Society consists of three strictly separate social classes — nobles, clergy, and commoners. Everyone participates in this system. People are born into a specific class and enter the same occupation as their parents. People do not usually expect to change their status.
   This seems shocking to us today, when individual freedom is the highest ideal. Members of our modern, democratic society have difficulty understanding the class system that dominated medieval society, but an understanding of it is necessary to capture the feel and meaning of the literature and events of the Middle Ages.
   Strict social classes are not inherently wrong or bad. Many people find comfort in avoiding responsibilities and knowing that their daily routine will be predictable and unchanging. It is not being in a caste that is bad, but rather being in an exploited and abused caste. Thus, although many miserable serfs would like to have their condition improved, they know they will always be serfs, with all the advantages and disadvantages of being a man or woman of the soil.
   The ruling class of nobles jealously holds its prerogatives. So insistent are noblemen on maintaining class differences that a knight is likely to lose his status for engaging in non-knightly behavior, such as physical labor or money lending. The inarguable belief in “might makes right” allows noblemen to maintain their prerogative at everyone else’s expense.

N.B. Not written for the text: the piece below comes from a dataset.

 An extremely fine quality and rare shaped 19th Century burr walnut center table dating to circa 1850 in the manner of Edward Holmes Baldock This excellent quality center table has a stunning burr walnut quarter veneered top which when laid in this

   It is important, however, to remember that these are social classes, not strictly hard castes. For instance, any knight may attain the status of lord by being richly rewarded by his own lord. Furthermore, even a lowly commoner may attain knighthood through prowess of arms displayed on the battlefield. Finally, the clergy fill their ranks from people of all classes.
   Admittedly, every age has people who do not fit into their class. Such people are exceptional and, like exceptional people in any time, will find a way through or around the system to their advantage. In the Middle Ages, exceptional commoners usually join the Church, or become personal employees of a nobleman.

The Noble Class
The nobility is the upper class. Nobles are the leaders and warriors of society. They do not work for their own maintenance, but acquire the food and goods of their life from others.

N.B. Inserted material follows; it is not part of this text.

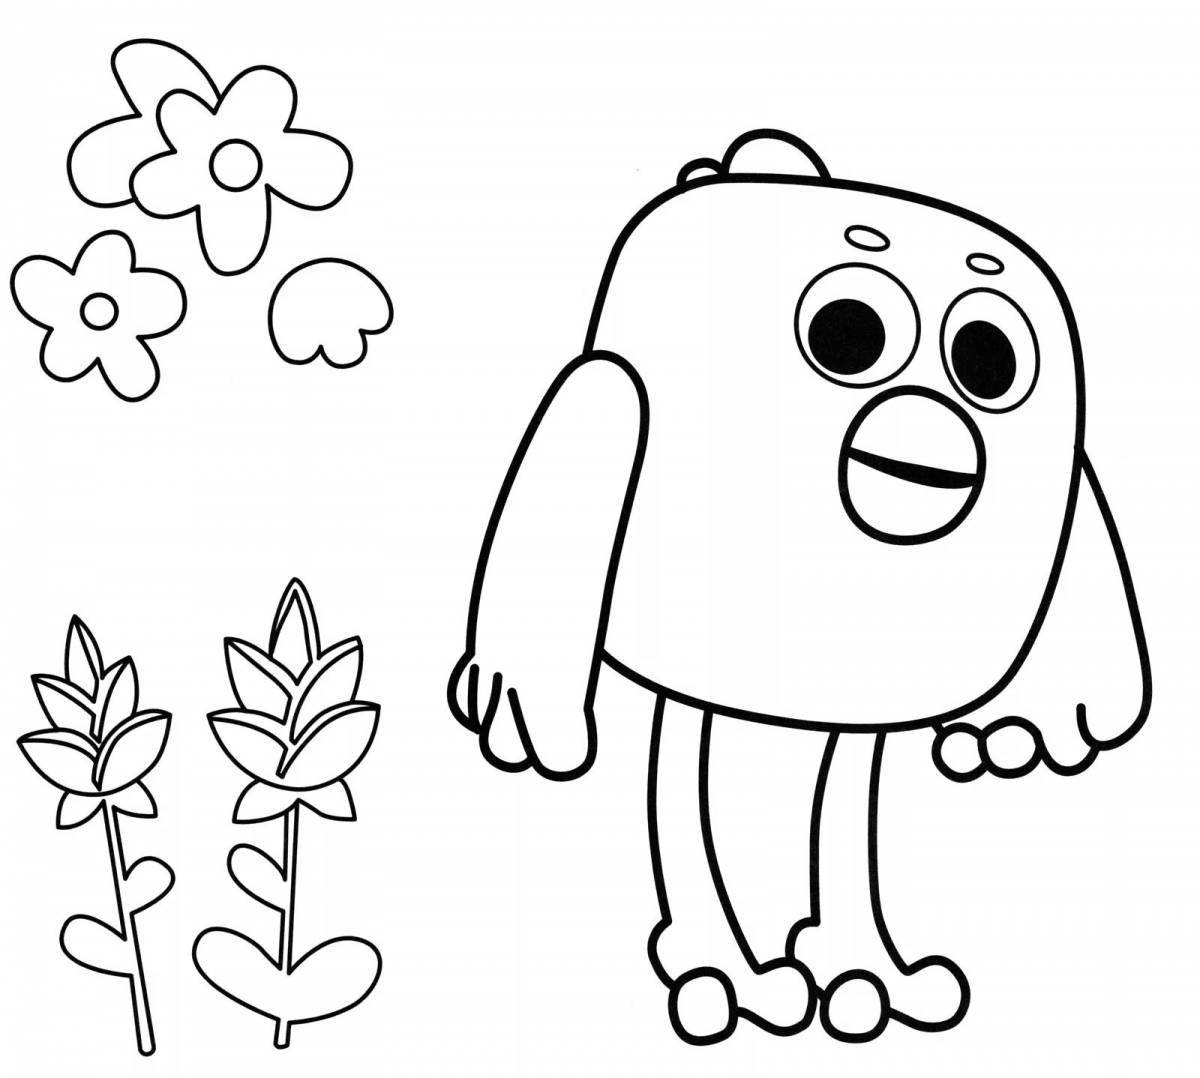 Cute and fluffy cute chick coloring book

   However, within this class not all persons are equal. Two distinct divisions exist, commonly called the higher and lower nobility. The lower nobility are the knights. The higher nobility are called lords. Lords include all knights who have their own vassals, and includes all hereditary landholders. Lords are also knights, of course, but are usually referred to by their higher rank.
   This division is common among most feudal cultures. In English, the terms for higher and lower nobility are lords (higher) and gentry (lower); in French, they are barons and chevaliers; in German, Herren and Ritter; and in Spanish, grandes and hidalgos.
    Further, within the category of lord are several ranks of noblemen. Among the British, these are ranged from lowest to highest as follows: banneret, baron, earl, duke, king.
   The knights’ primary responsibility is to serve as the military force for their lord. They have many privileges and freedoms, which are not available to the lower classes, gained in exchange for the pledge to die, if necessary, for their lord.

The Clerical Class
The clergy includes all members of the Christian Church, a powerful institution that owns considerable lands and has many rights of its own. Churchmen are exempt from most ordinary laws and claim loyalty to God, a higher authority than the king — a claim that is a source of great conflict between clergy and royalty.
   The clergy, supposed to be chaste, can hardly be expected to reproduce itself, so it draws members from both the nobility and the commoners. It is not unusual for younger sons of the nobility to join the clergy rather than be landless knights, seeking whatever opportunity the Church can give them. For bright and ambitious commoners, the Church provides the best opportunity for advancement.
   Churchmen may be secular clergy or monastics. Secular clergy includes bishops and the village priests who administer the sacraments to commoners, and who oversee the spiritual development of their parishioners. Monastics are men or women who have taken the religious path of isolation and joined special communities that practice devotion apart from the ways of ordinary mankind.

The Common Class
Everyone who is not of the nobility or clergy is a commoner. Commoners are the basis for society, and make up 95% of the population. They are the ordinary people who provide the food and goods that allow noblemen and clergy to pursue their specialized functions. Commoners are mostly farmers, whether poor serfs without any freedom or rich landholders who maintain the right to change lords at will. However, the artisans who populate cities and make their wares are also commoners, as are the merchants who act as middlemen and brokers for trade across Britain.
   Members of the nobility can become commoners. A squire’s sons are considered commoners, though of good status within the broad spectrum of commoners. Commoners can sometimes enter the ranks of knighthood, as well. Anyone who can acquire weapons and employment in the ranks of mercenaries might rise from soldier or sergeant to squire or knight through recognition by his leader. Commoners who perform outstandingly, even off the battlefield, can be raised to the status of squires or even knights by their grateful lords. Sometimes lords desperate for money sell knighthood to rich men. More often, though, lords’ daughters marry wealthy commoners, who thus share their wealth with the lord in return for the chance for their own children to become noble.